— Data under study —
-- Opening Marker --
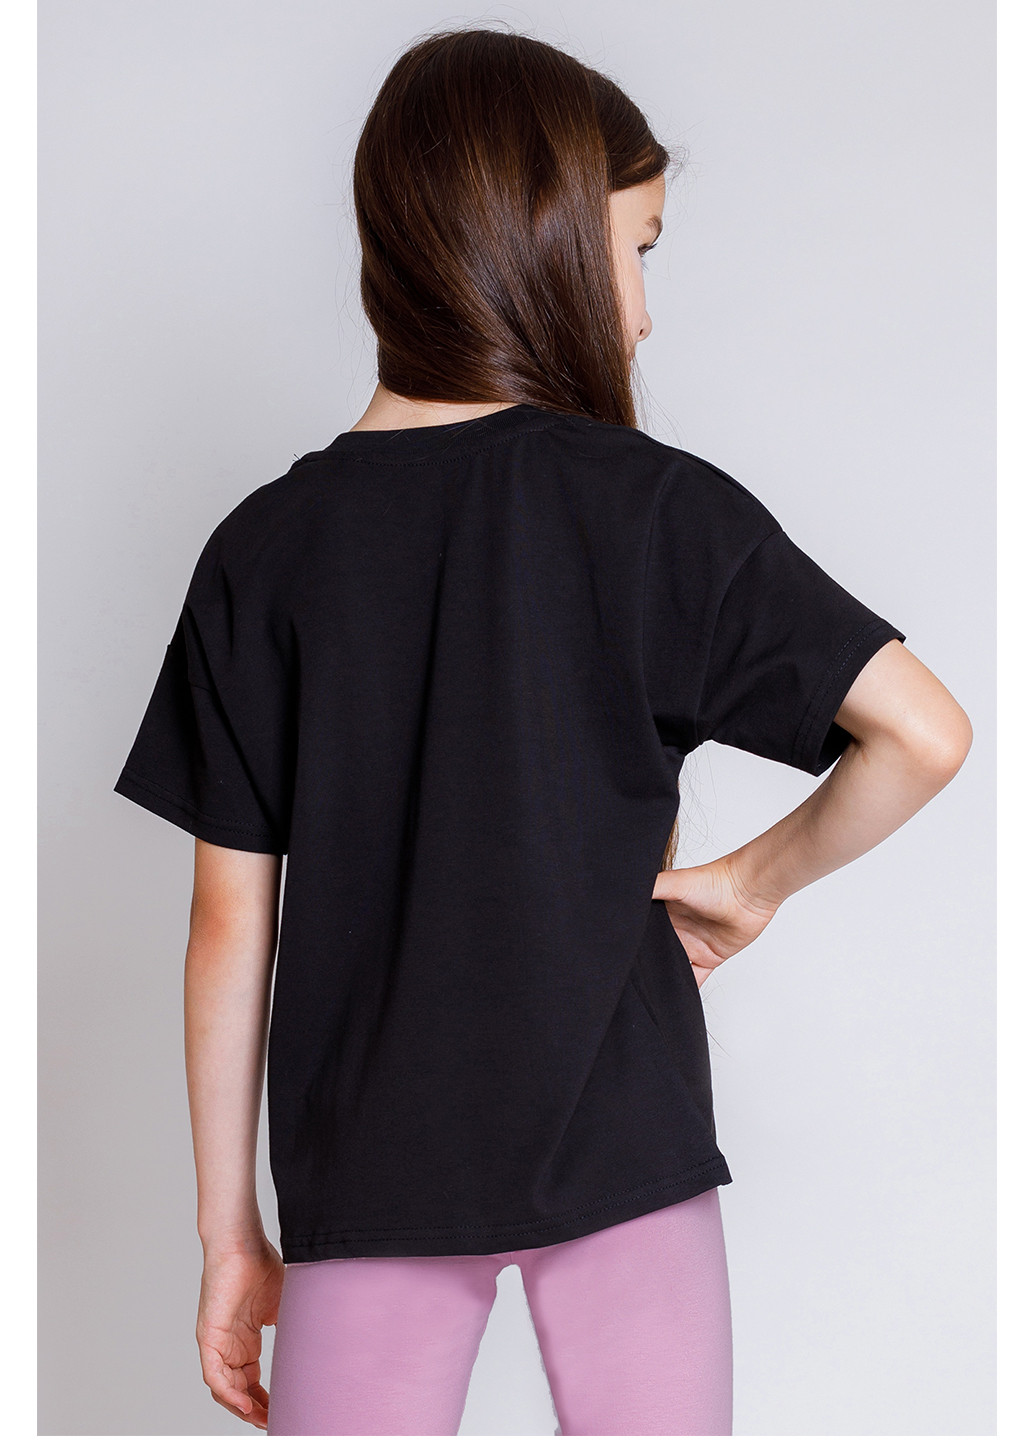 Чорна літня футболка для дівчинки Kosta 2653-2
-- Closing Marker --
-- Opening Marker --
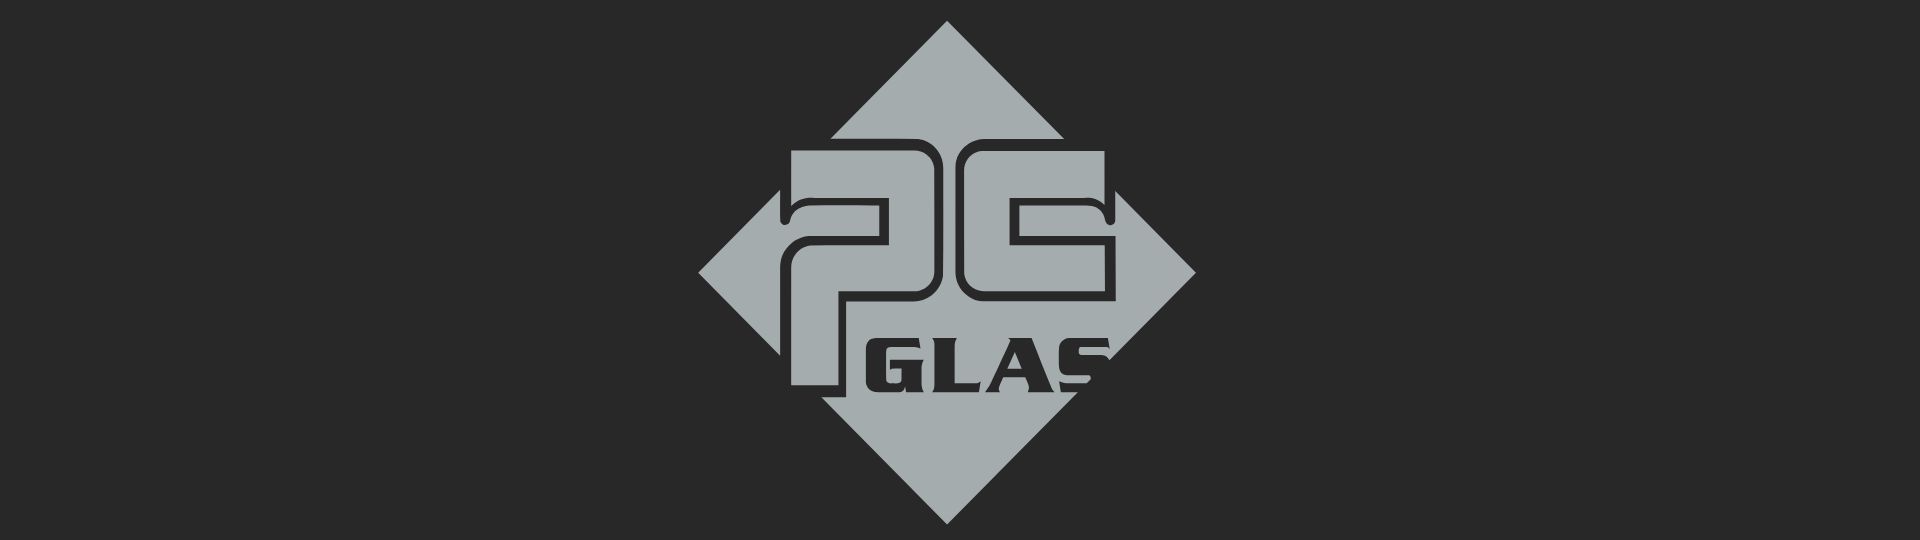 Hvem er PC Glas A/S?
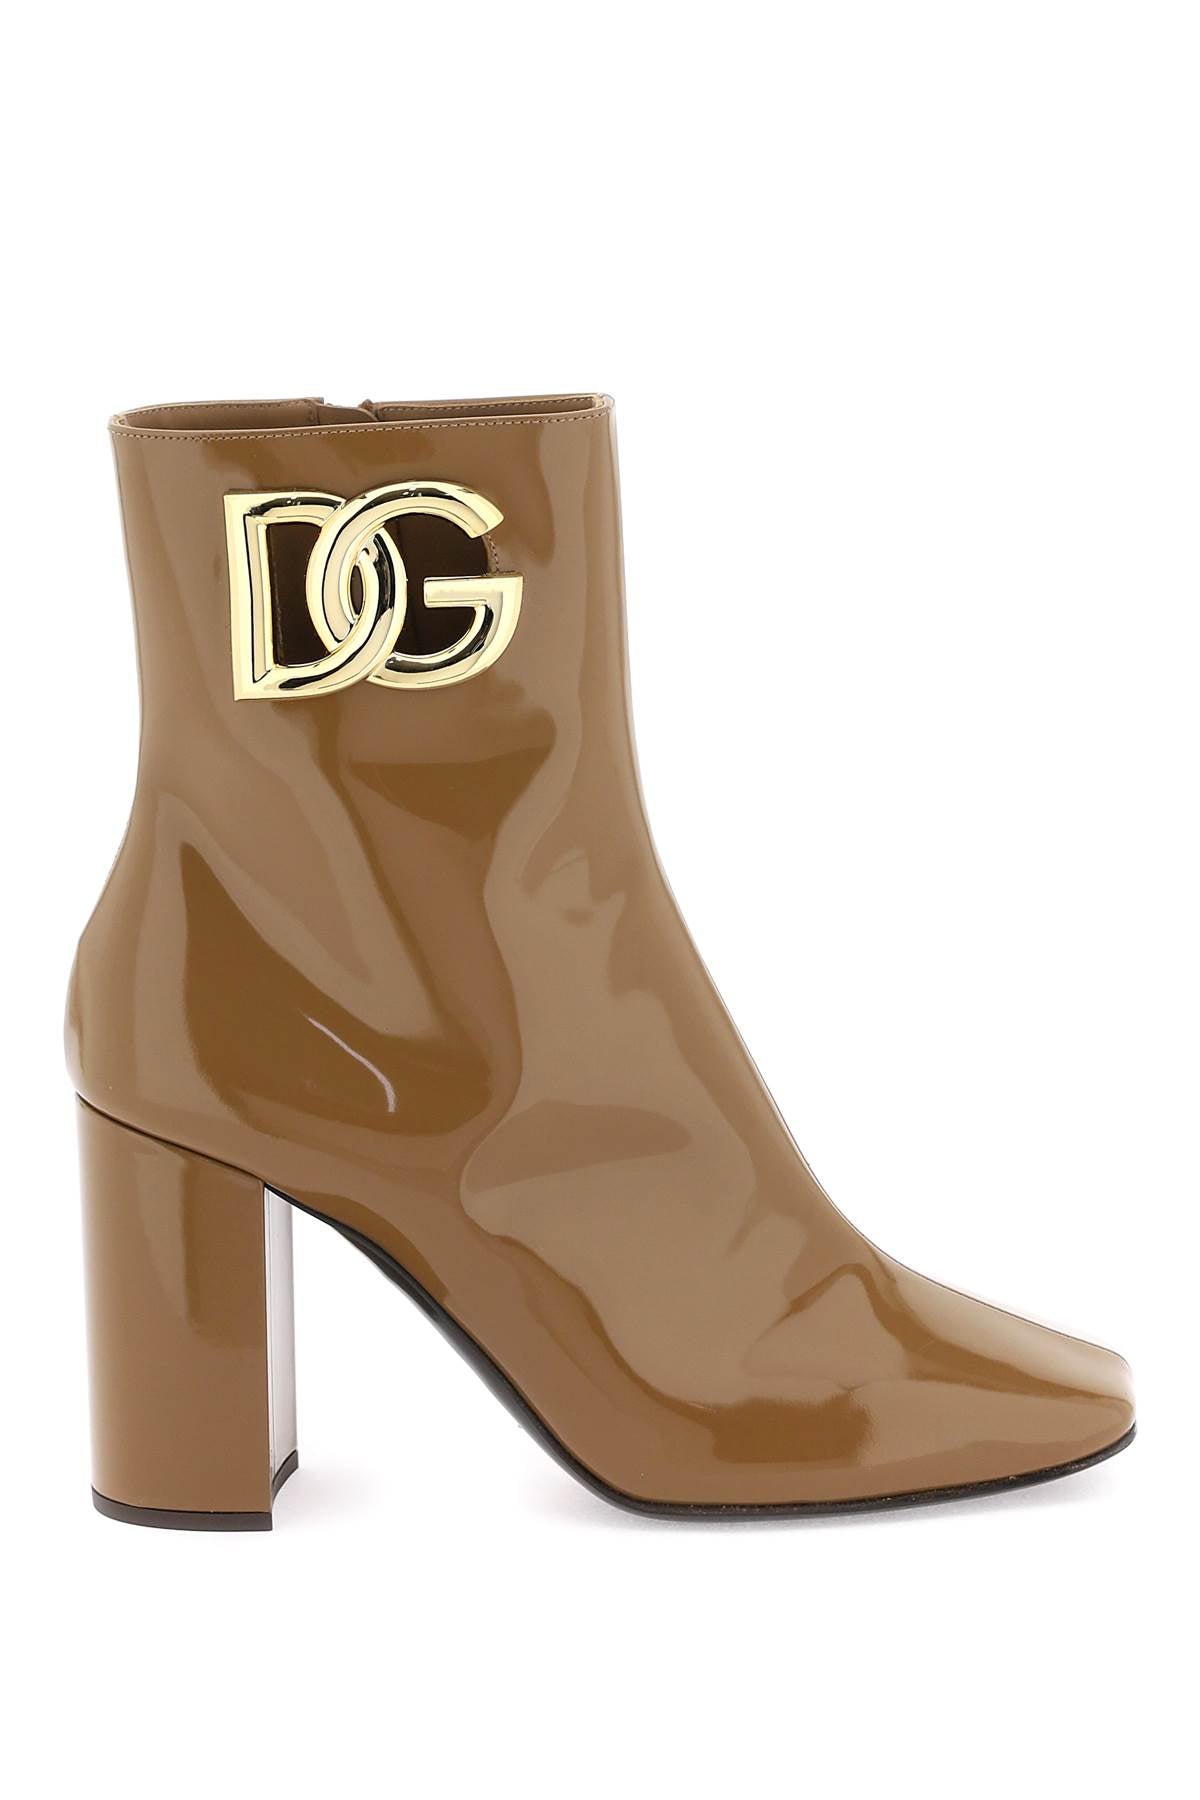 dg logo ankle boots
-- Closing Marker --
-- Opening Marker --
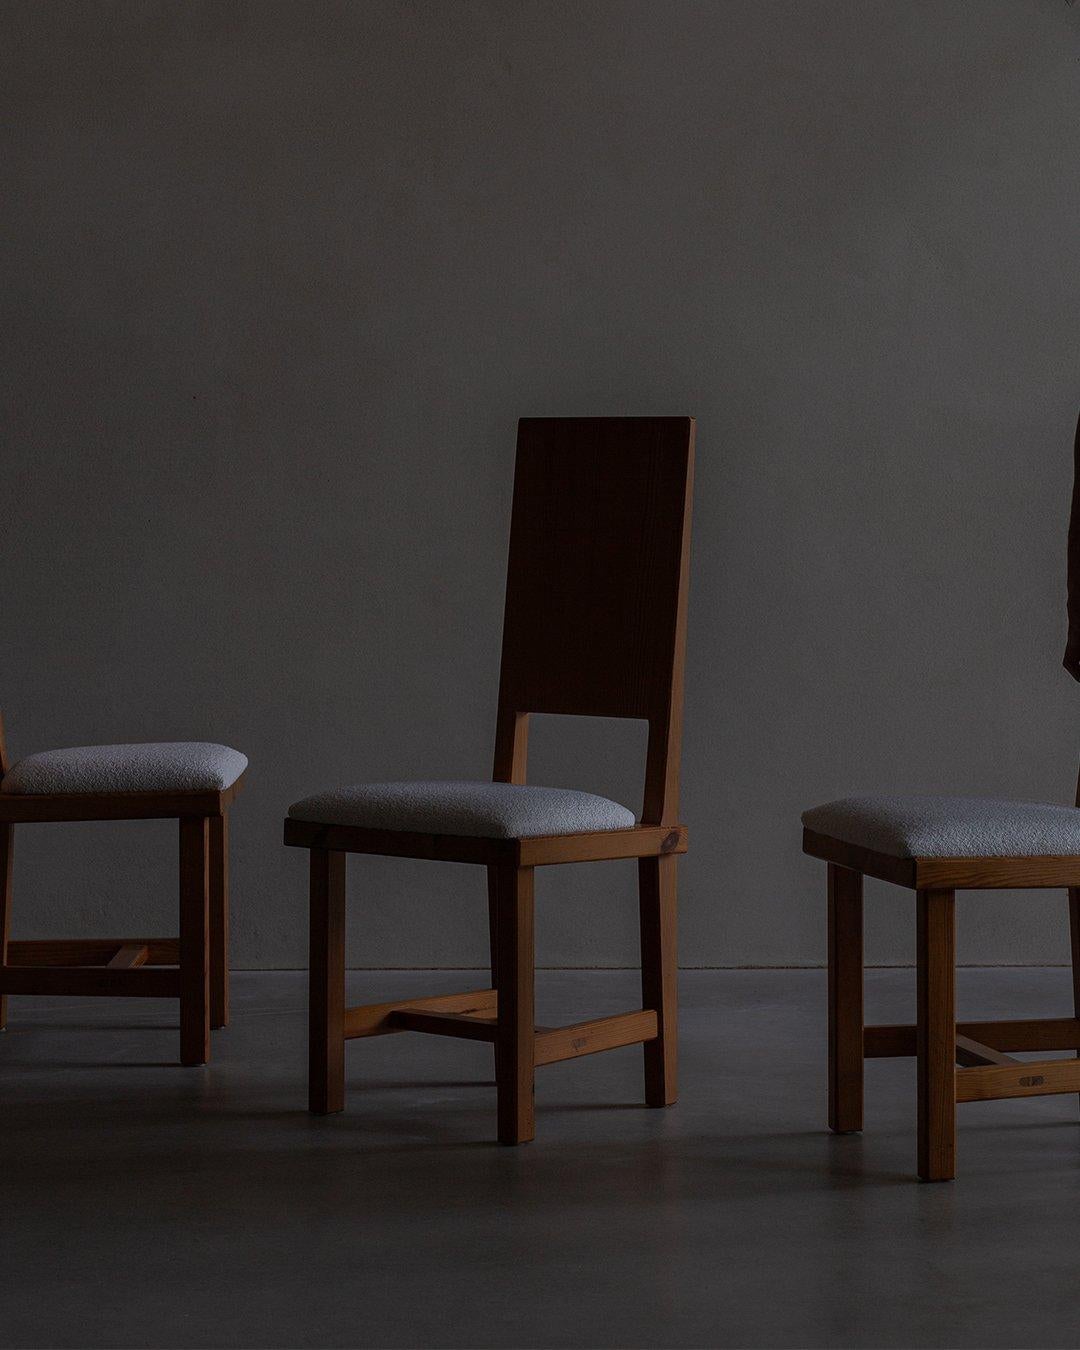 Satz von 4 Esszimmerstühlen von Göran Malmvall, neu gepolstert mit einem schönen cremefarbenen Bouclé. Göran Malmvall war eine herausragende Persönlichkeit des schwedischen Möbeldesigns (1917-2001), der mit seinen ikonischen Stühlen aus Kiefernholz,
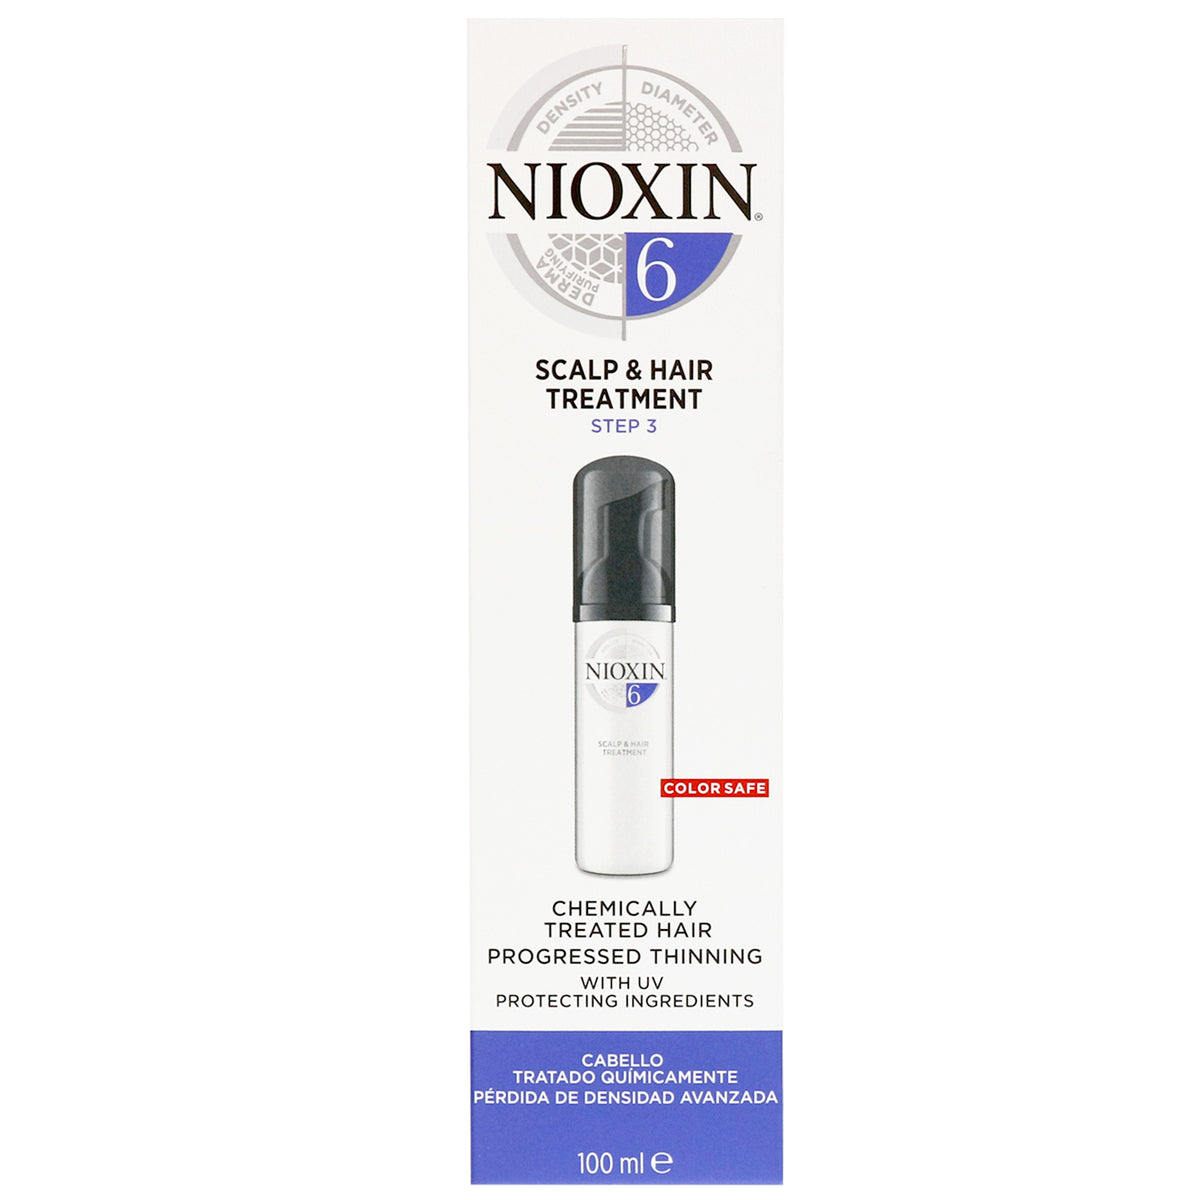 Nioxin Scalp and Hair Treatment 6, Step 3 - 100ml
-- Closing Marker --
— Exercise aim —
For this exercise, please set down exactly the lines of the listing above from the line with "Satz von 4 Esszimmerstühlen" up to and including the line with "Nioxin Scalp and", and no pictures.

— Answer area —
 Satz von 4 Esszimmerstühlen von Göran Malmvall, neu gepolstert mit einem schönen cremefarbenen Bouclé. Göran Malmvall war eine herausragende Persönlichkeit des schwedischen Möbeldesigns (1917-2001), der mit seinen ikonischen Stühlen aus Kiefernholz,
 Nioxin Scalp and Hair Treatment 6, Step 3 - 100ml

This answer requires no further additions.